With pictures removed, the data below should be returned exactly.

*PROVIDED MATERIAL*
________________
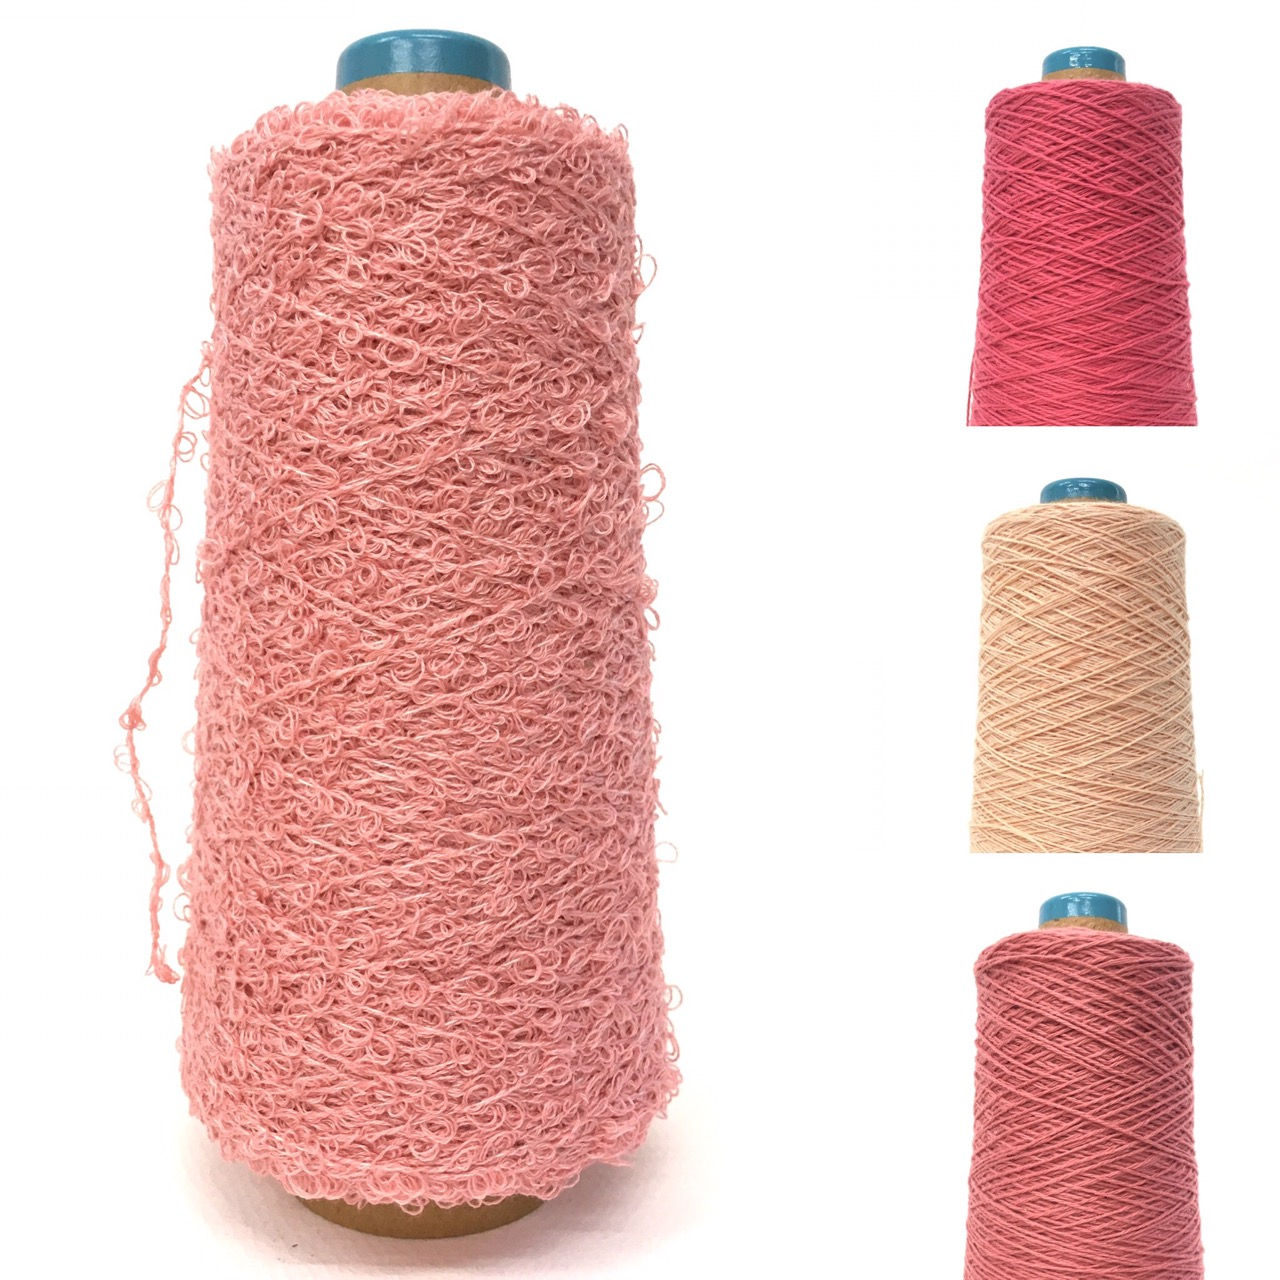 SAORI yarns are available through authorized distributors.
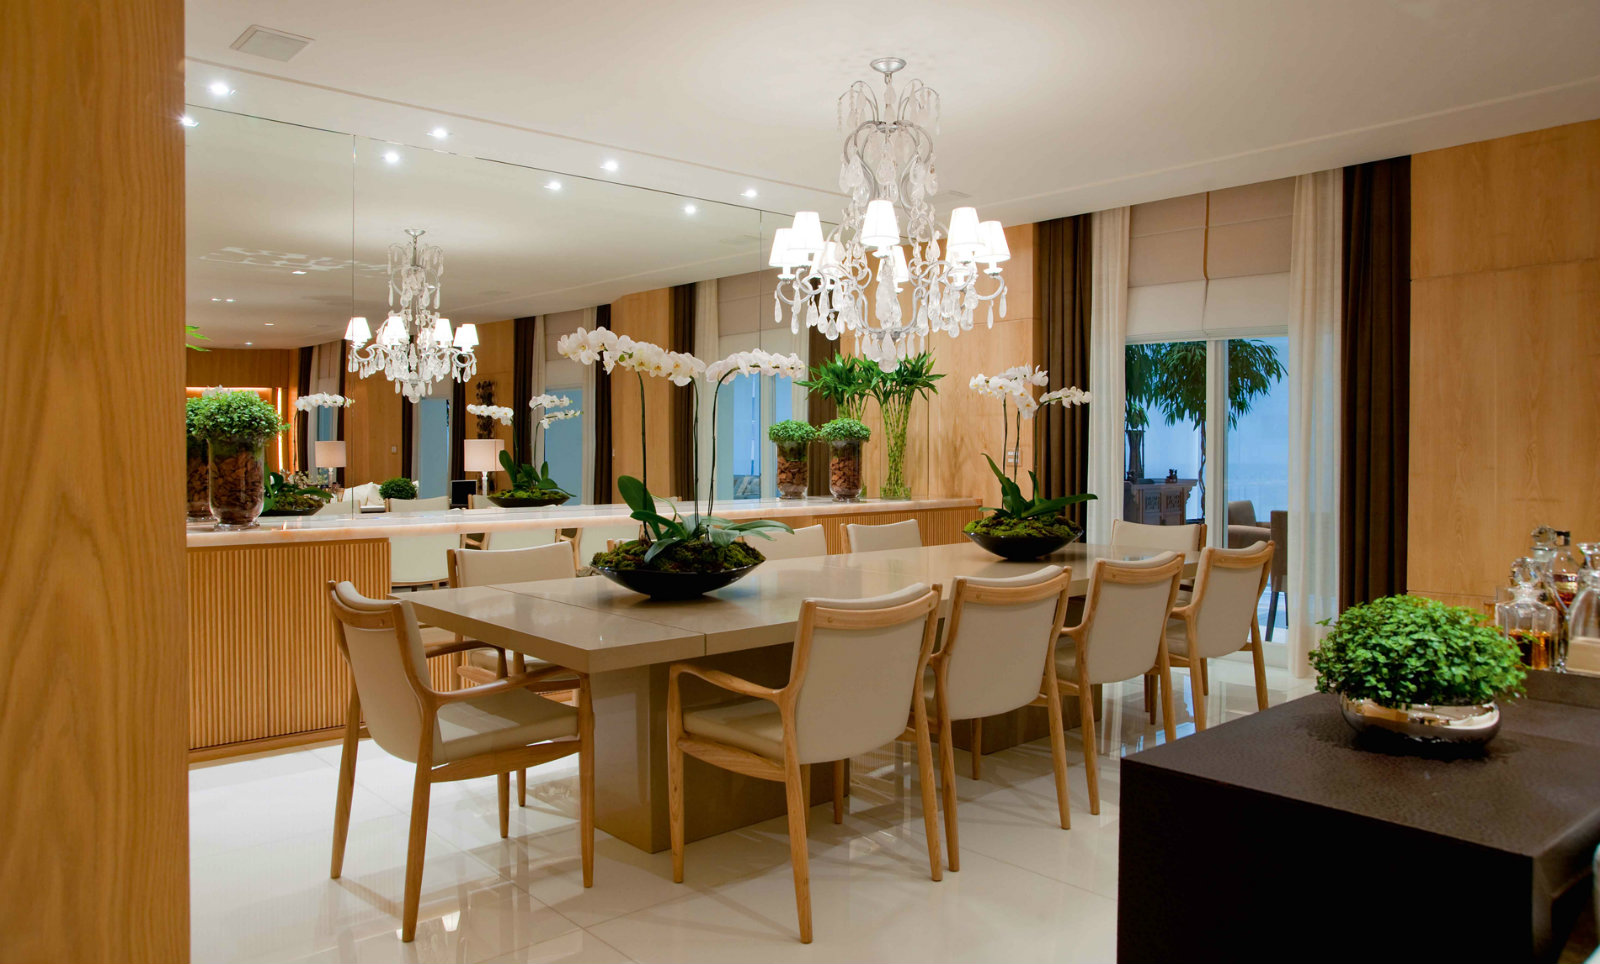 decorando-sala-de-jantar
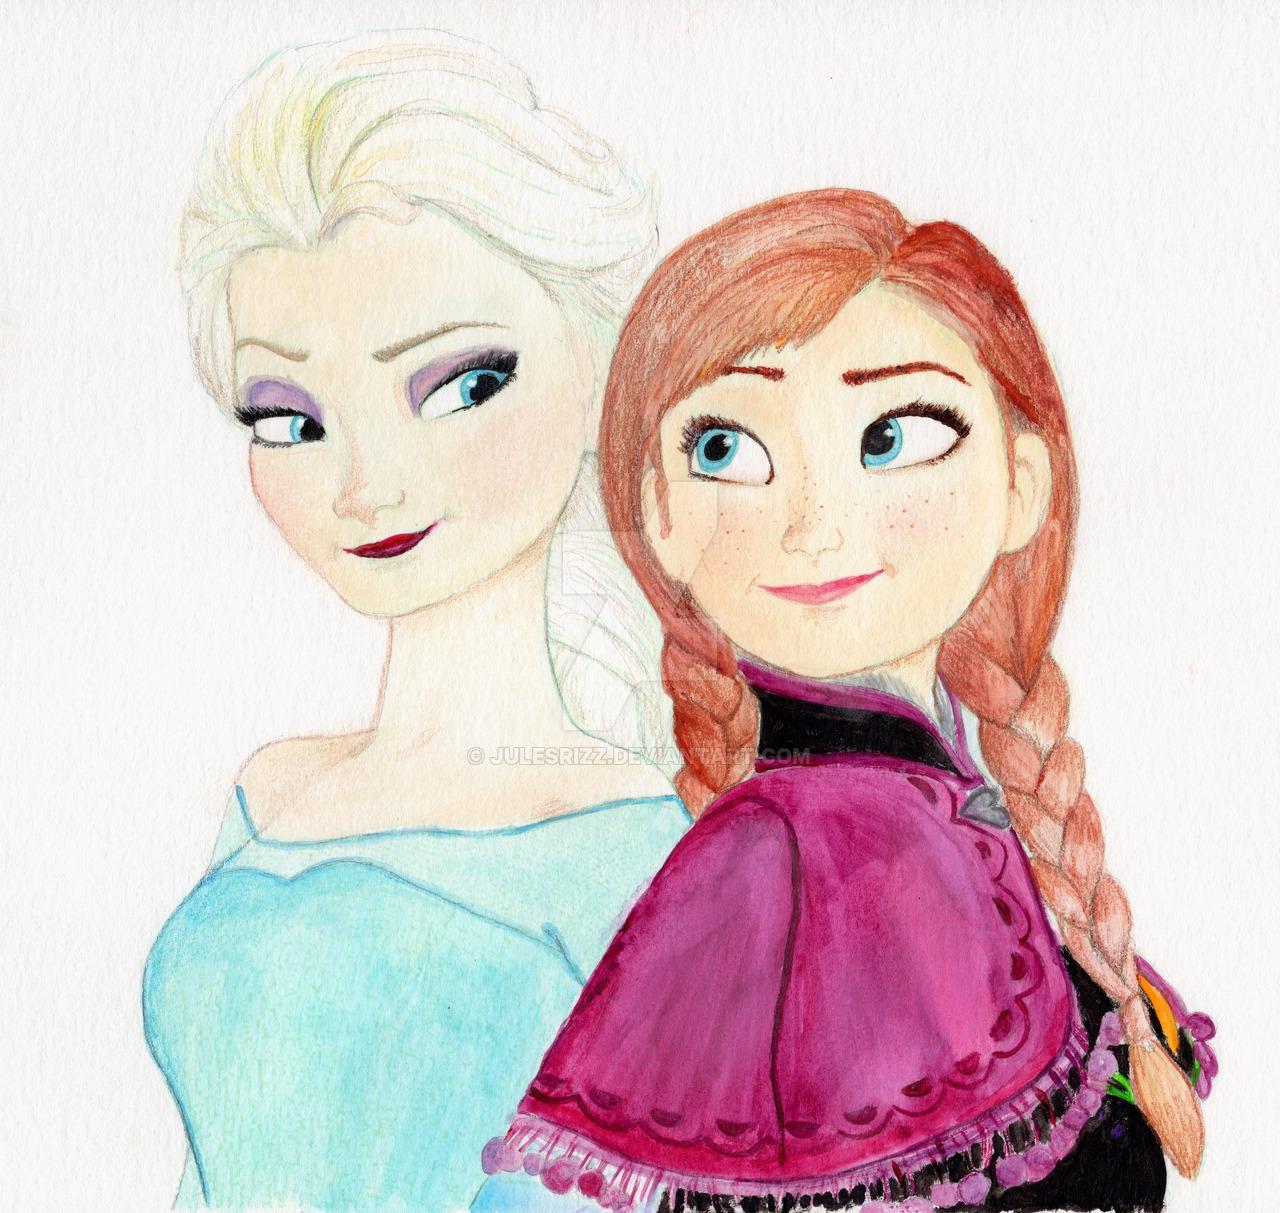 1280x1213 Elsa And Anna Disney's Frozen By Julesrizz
________________
*RESPONSE TO THIS TASK*
 SAORI yarns are available through authorized distributors.
 decorando-sala-de-jantar
 1280x1213 Elsa And Anna Disney's Frozen By Julesrizz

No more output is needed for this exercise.